Я смеюсь над ее красивыми словами, чтобы не дать себе прочувствовать их. Она сглатывает. Ей неловко. Я смутил ее. Пальцы сжимают подол платья, подбирают его, как будто она вот-вот сбежит. Вот и славно. Ей так будет лучше.
И все же я снова тянусь к ней. На этот раз не остается ни нежности, ни скромности. Я с силой вжимаю свои губы в ее, но Наоми не отстраняется и не пытается меня оттолкнуть. Она запускает пальцы мне в волосы – шляпа уже упала с моей головы – и тянет так сильно, что я невольно щелкаю зубами и выгибаю спину. Мои ладони скользят по ее хрупким, изящным ребрам. Я обхватываю ее и приподнимаю, прижимая к себе. Несколько секунд я слепо, смело целую ее, проникая в рот и облизывая губы, чтобы проучить нас обоих. Но она мягче, чем я ожидал: нежные губы и кожа, плавные изгибы тела, тихие вздохи. И она такая милая. Это поражает меня, и я отталкиваю ее, стыдясь своего поступка. Наоми спотыкается, пытается схватиться за мою руку, но я слишком далеко. Она падает на колени, уткнувшись ладонями в землю. Я бормочу длинное ругательство, за которое Дженни отвесила бы мне пощечину. Отец постоянно говорит это слово, но даже он постыдился бы произнести такое в присутствии женщины. Я подаюсь вперед, чтобы помочь ей подняться, но Наоми ловко встает сама, не обращая внимания на мою протянутую руку. Ладно. Мне и впрямь лучше к ней не прикасаться. У меня дрожат руки, да и ноги едва держат. Я провожу тыльной стороной руки по губам, стирая с них поцелуй. Она отряхивает ладони и юбку. Даже в темноте видно, что ее губы покраснели. Я слишком крепко ее поцеловал, и мне отчаянно хочется повторить. Наоми не смотрит мне в глаза, и я уже уверен, что мой план сработал. Она на меня разозлилась. Вот и славно. Так лучше всего. Но сердце у меня в груди колотится, переполненное стремлением искупить вину.

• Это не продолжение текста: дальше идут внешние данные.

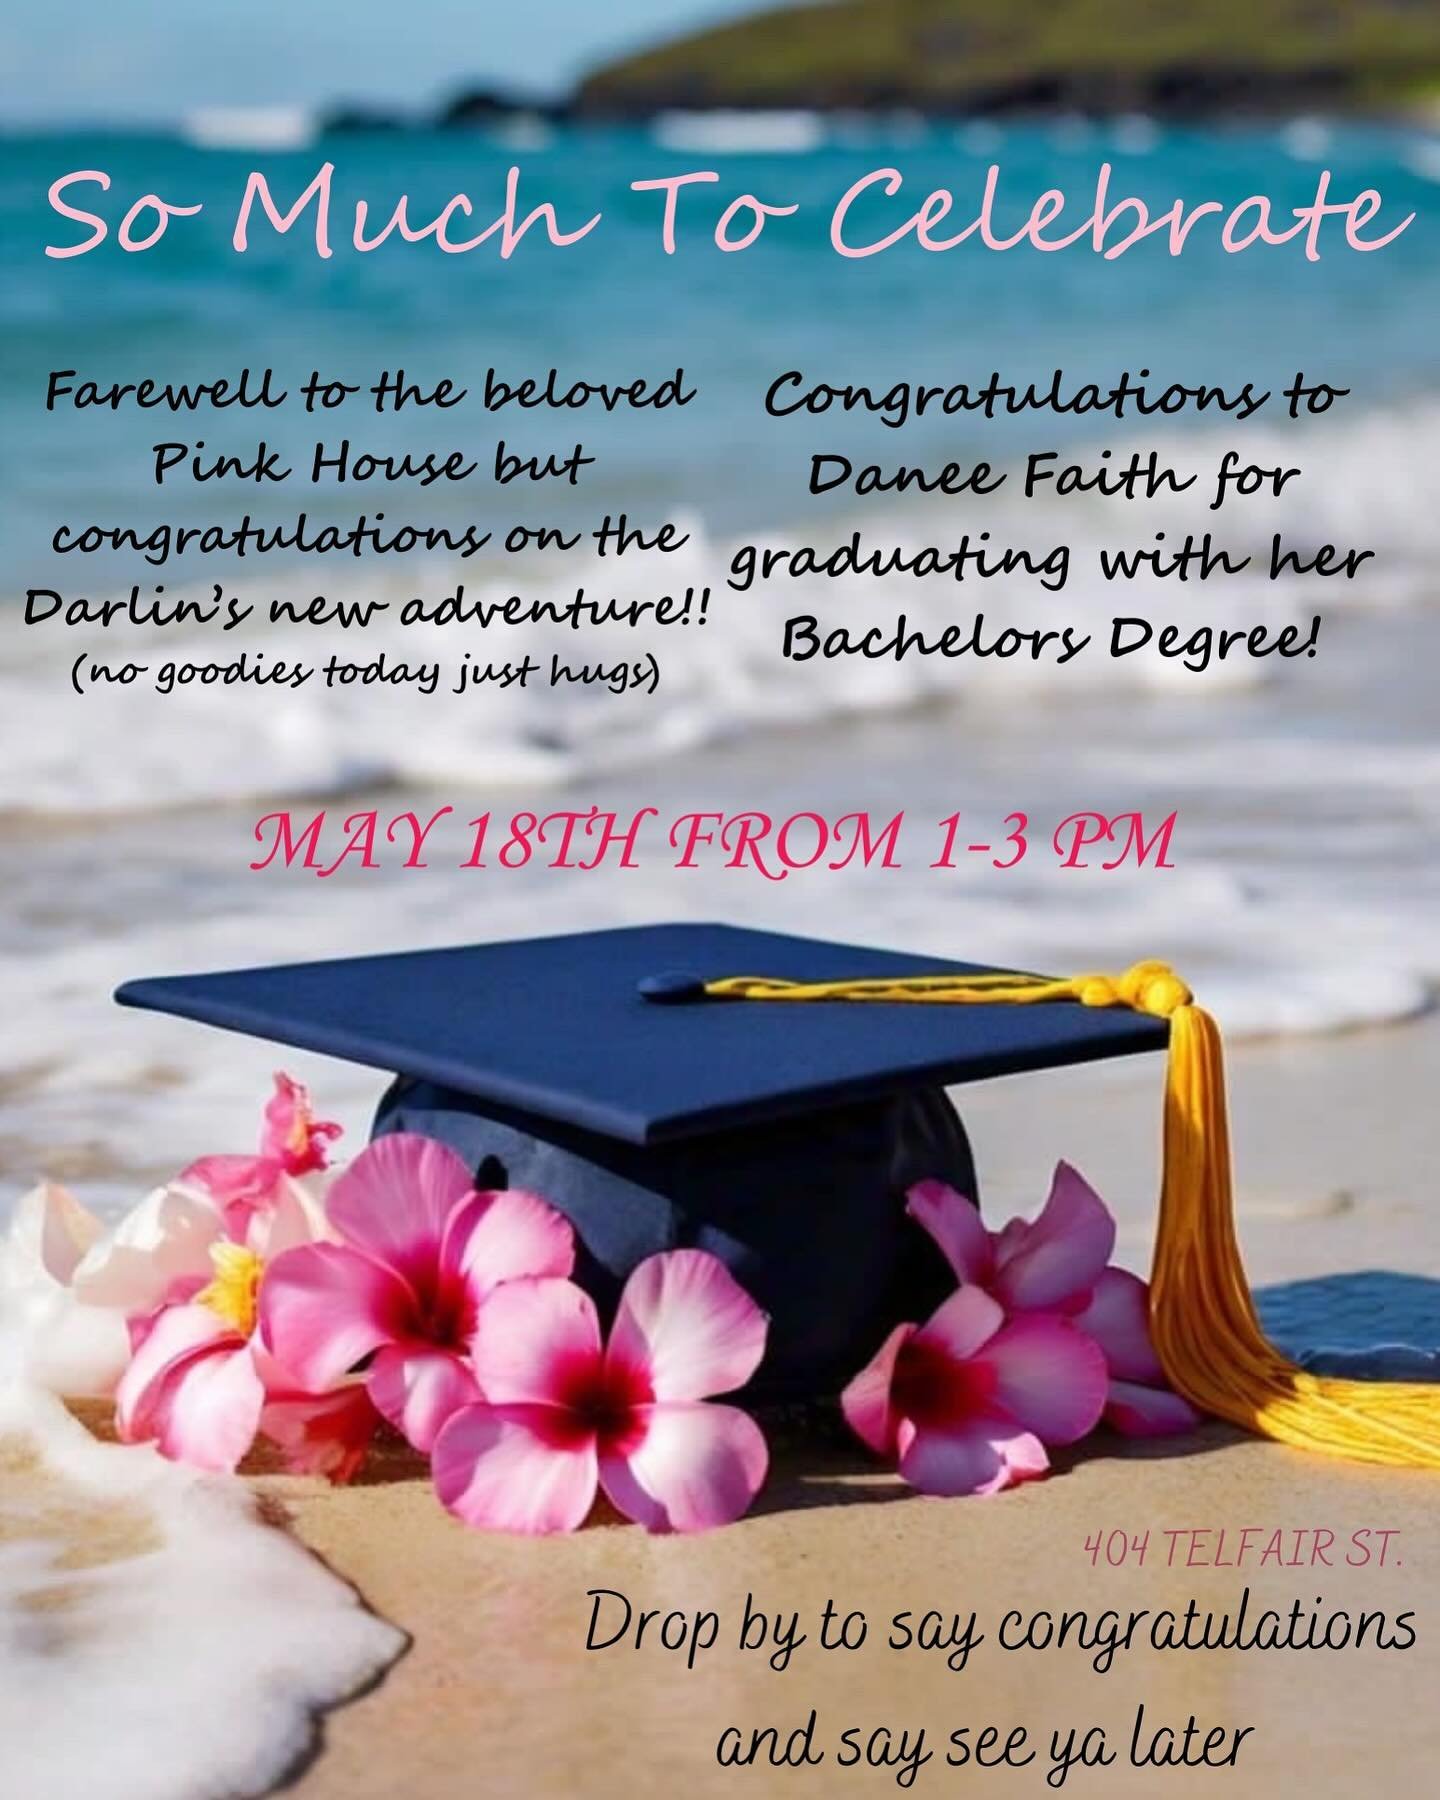 (Read ALL the details, please!) There is sadness in the air around here but also so much to celebrate! Of course, we can&rsquo;t have a proper celebration for Big D&rsquo;s HUGE accomplishment of her college graduation and our own PinkHouse farewell

– Я знаю, почему вы так грубы со мной.
Ее голос звучит ласково, и я снова сбит с толку.
– И почему? – выдыхаю я.
– Вы считаете, что мы слишком разные.
– Спокойной ночи, миссис Колдуэлл, – говорю я, намекая, что пора проститься.

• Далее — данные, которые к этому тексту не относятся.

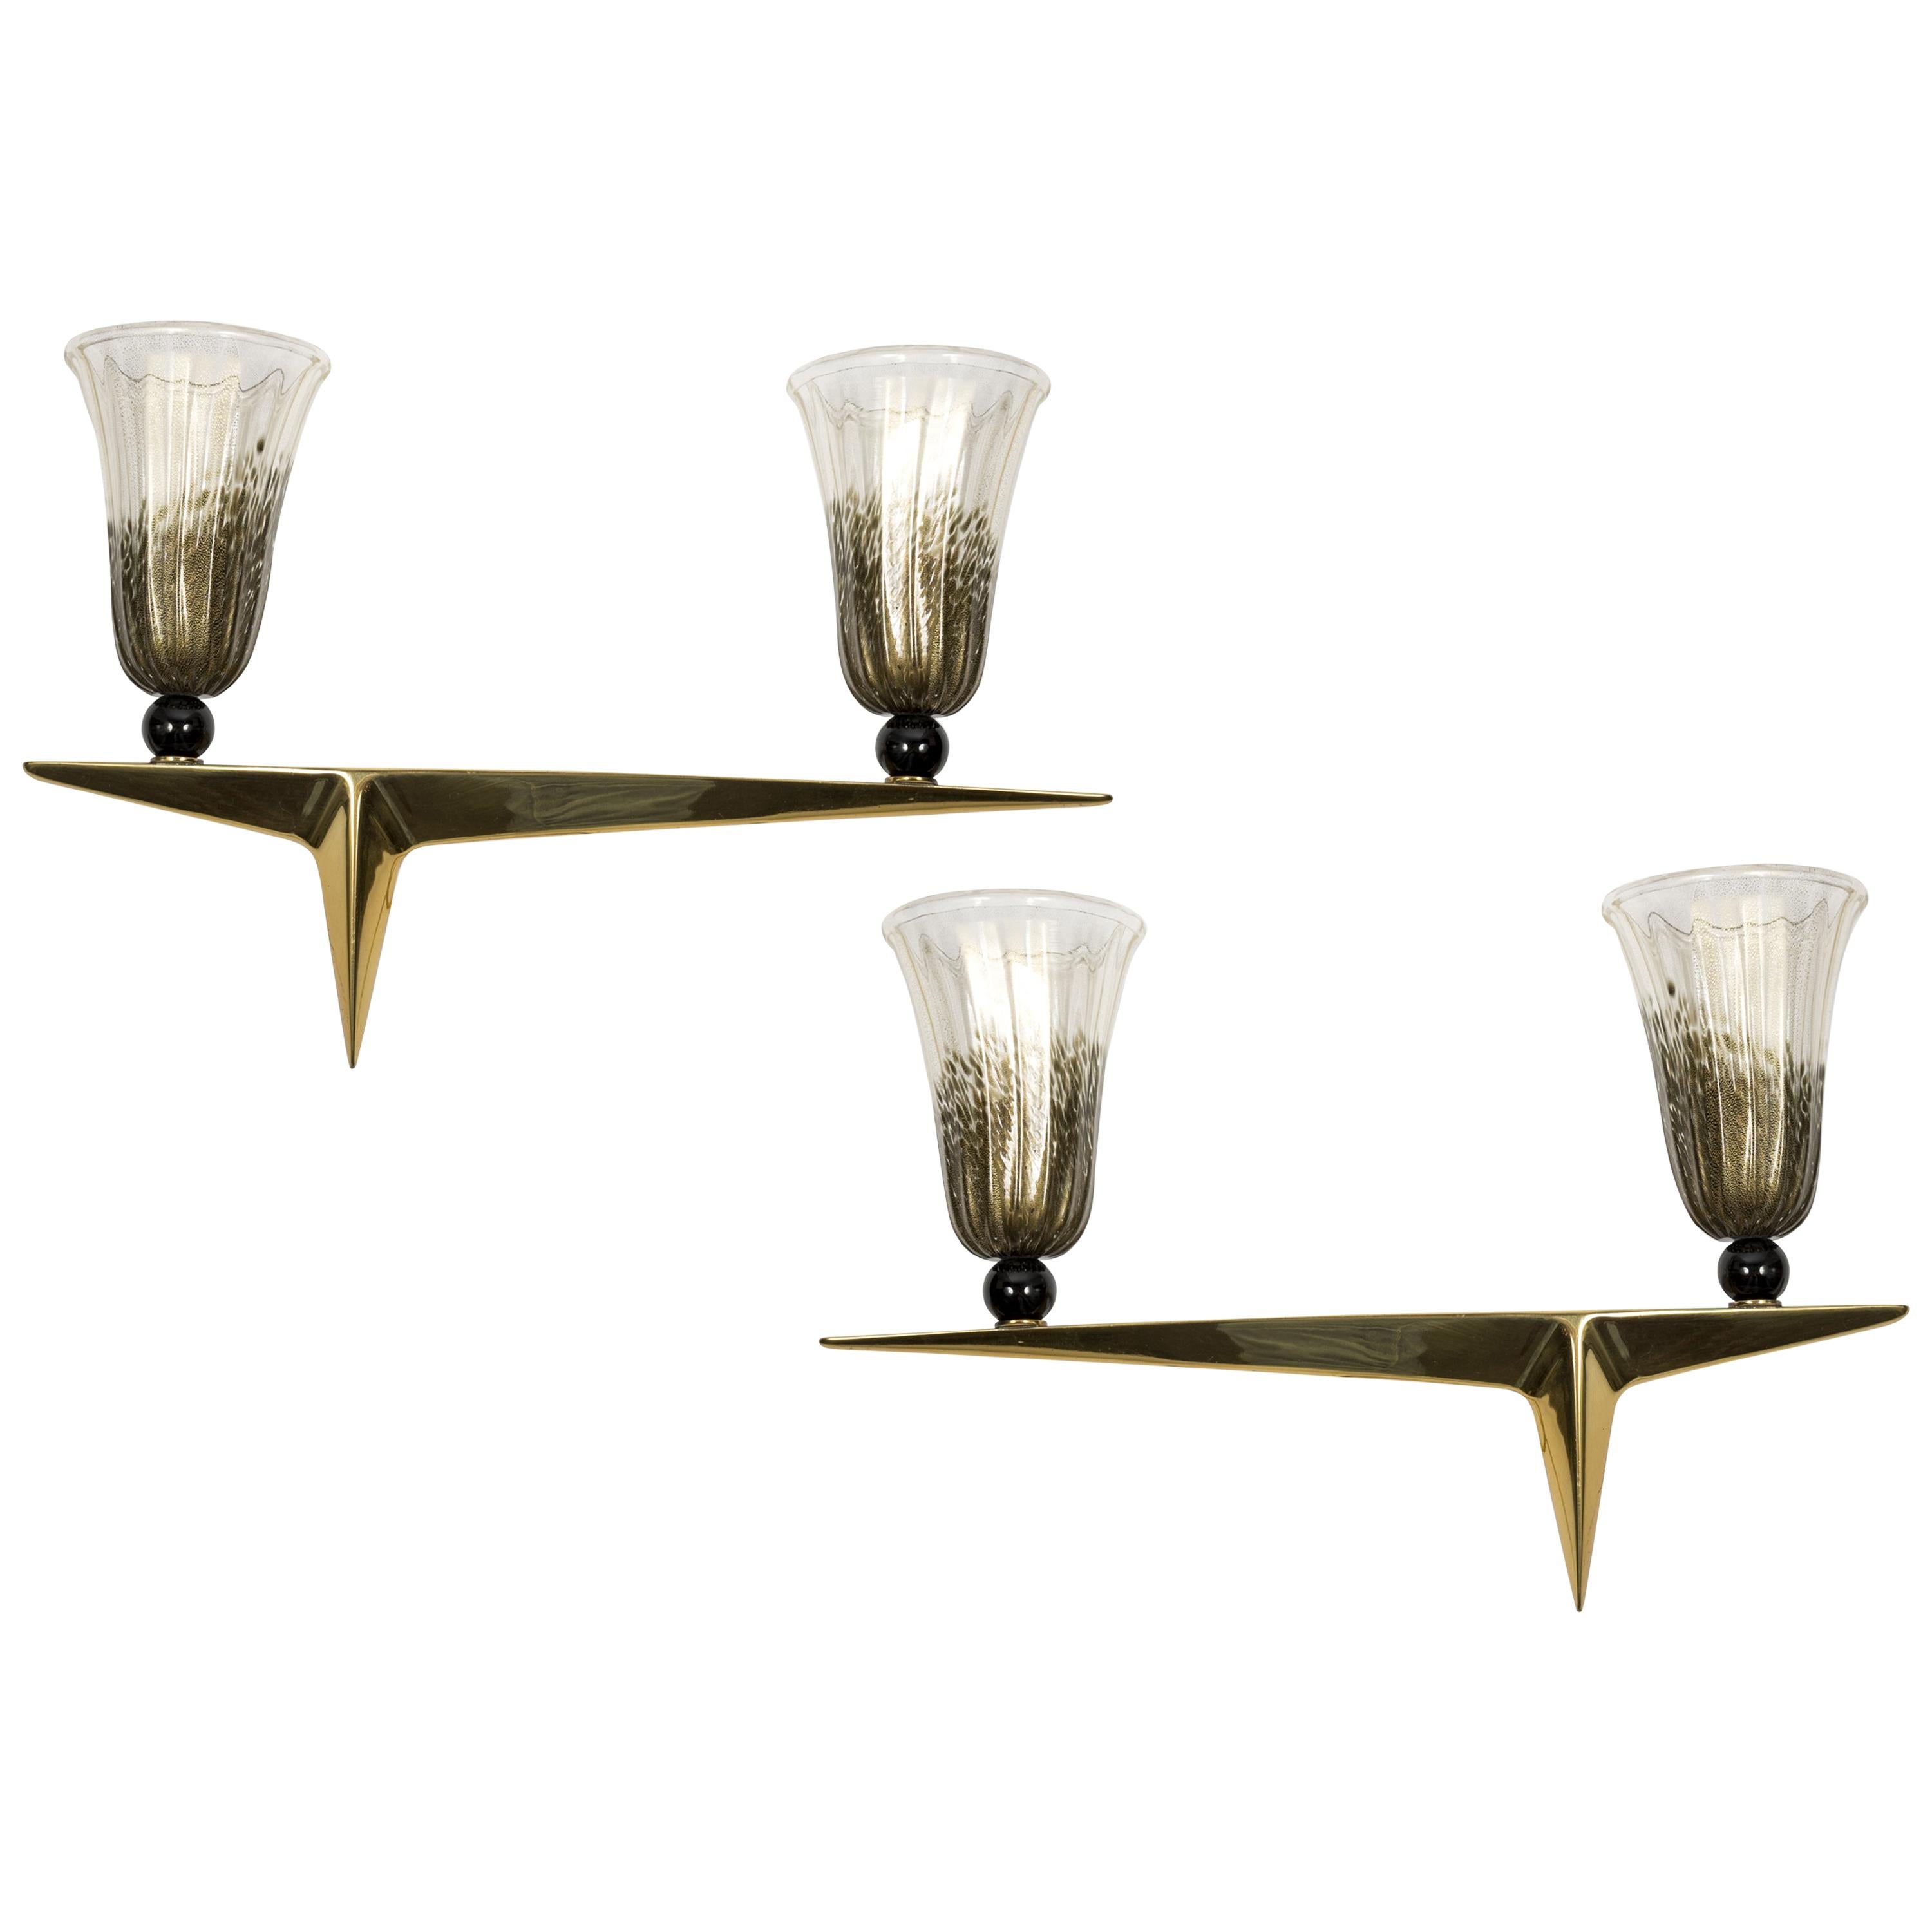 Pair of 1950s Murano Glass Sconces

Мне нужно, чтобы она ушла. Осталась. Простила меня. Забыла меня.
– Андерсоны родом из Норвегии. Мак-Нили – ирландцы. Йоханн Грубер из Германии. Вы наполовину индеец, а я вдова. – Она пожимает плечами. – Мы все нужны друг другу. И все можем мирно жить бок о бок, разве не так? Для этого не обязательно быть одинаковыми.
– Некоторые культуры не могут сосуществовать. Это все равно что жить на суше с ластами вместо ног, – шепотом отвечаю я.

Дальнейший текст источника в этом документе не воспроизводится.